The allegations in Muniz’s lawsuit mirror charges that Frank Chavez, a former Wells Fargo private mortgage banking employee in California, raised with Democratic members of the House Committee on Financial Services in a Nov. 2016 letter.
“I believe the damage done to Wells Fargo mortgage customers … is much, much more egregious” than in the fraudulent accounts case, Chavez wrote in the letter, which was first disclosed in a January ProPublica report on the bank’s mortgage-related fees. “We are talking about millions of dollars, in just the Los Angeles area alone, which were wrongly paid by borrowers/customers instead of Wells Fargo.”
The letter produced little public sign of action. However, Wells Fargo disclosed in an August regulatory filing that the Consumer Financial Protection Bureau, the federal regulator that joined other authorities to sock the bank with $185 million in penalties last September over the accounts scandal, is now investigating the mortgage-fee charges.
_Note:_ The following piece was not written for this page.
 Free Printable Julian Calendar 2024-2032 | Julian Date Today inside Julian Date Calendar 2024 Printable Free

The consumer bureau declined to comment, and Wells Fargo spokesman Tom Goyda said the bank could not discuss the investigation.
However, Goyda said Wells Fargo has worked with an outside law firm during recent months on a review of the bank’s mortgage-fee procedures. Changes in the senior leadership of the bank’s retail sales team announced in June, including three managers’ departures, were based in part on things learned during the review, said Goyda.
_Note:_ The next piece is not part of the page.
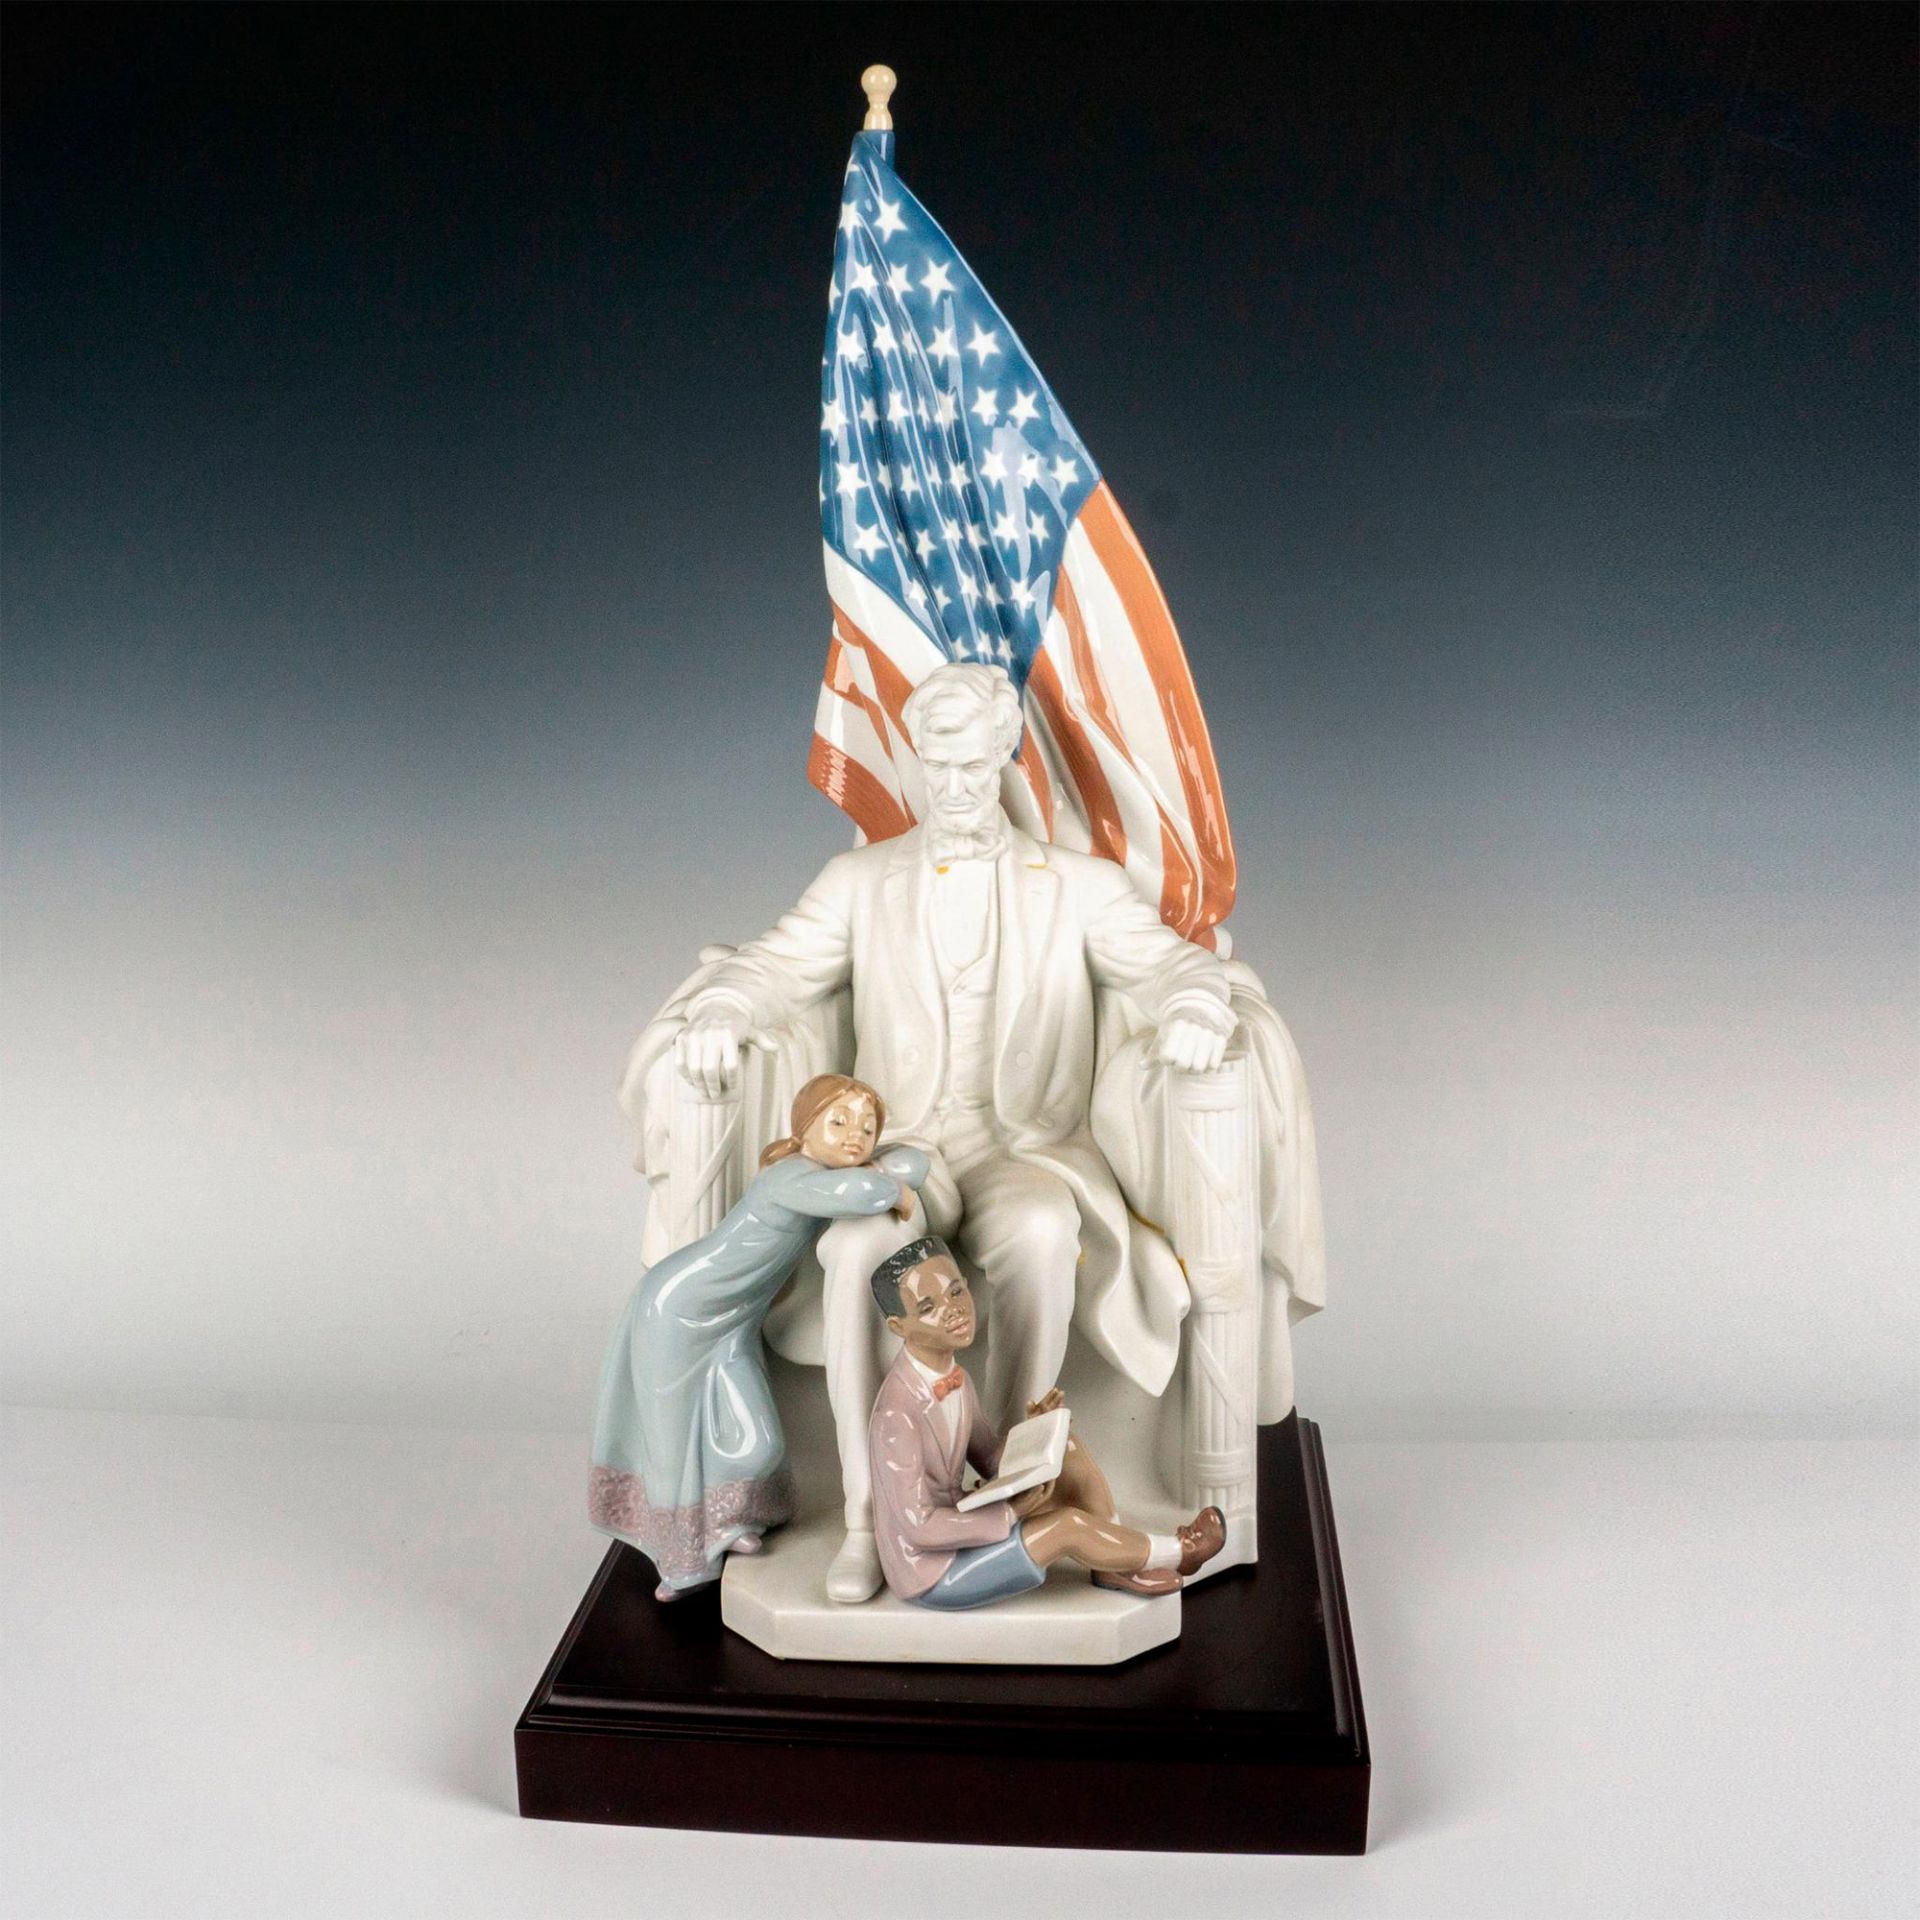 Abraham Lincoln 1007554 Ltd. - Lladro Porcelain Figurine

Separately a USA TODAY review of complaints filed with the consumer agency found Wells Fargo customers in at least nine states have raised similar concerns about the bank’s mortgage fees.
Muniz’s lawsuit focuses on interest rate-locks Wells Fargo typically offers for up to 90 days while home mortgage applications are processed. If missing paperwork or other borrower-caused issues delay the mortgage closing beyond the specified time period, the borrower is charged a fee to extend the time. If the bank caused the delay, it is expected to forgo the fee.
The fee costs typically can range between .125% and .25% of the mortgage amount, depending on the type of loan. For a $200,000 mortgage, that could amount to a $250 customer payment.
Muniz’s lawsuit charged that Wells Fargo in July agreed to lock in a 5.875% interest rate on a 30-year fixed-rate mortgage during the closing process for his home loan. Nonetheless, the bank charged him a $287.50 fee to extend the rate lock period last month when the mortgage processing bogged down amid “bank-caused delays,” the lawsuit alleged.
“At that point, Mr. Muniz had no choice but to accept the fee to timely complete the closing, or he risked losing the home,” the lawsuit charged. “He had already invested hundreds of dollars in closing-related costs such as the home inspection.”
Many other Wells Fargo home borrowers faced similar problems.
Chavez’s letter alleged that new financial regulations, and Wells Fargo processing changes and employee firings from 2012 through 2015 caused “a gradually increasing standstill and backlog of mortgage loan applications within the underwriting and loan closing process.”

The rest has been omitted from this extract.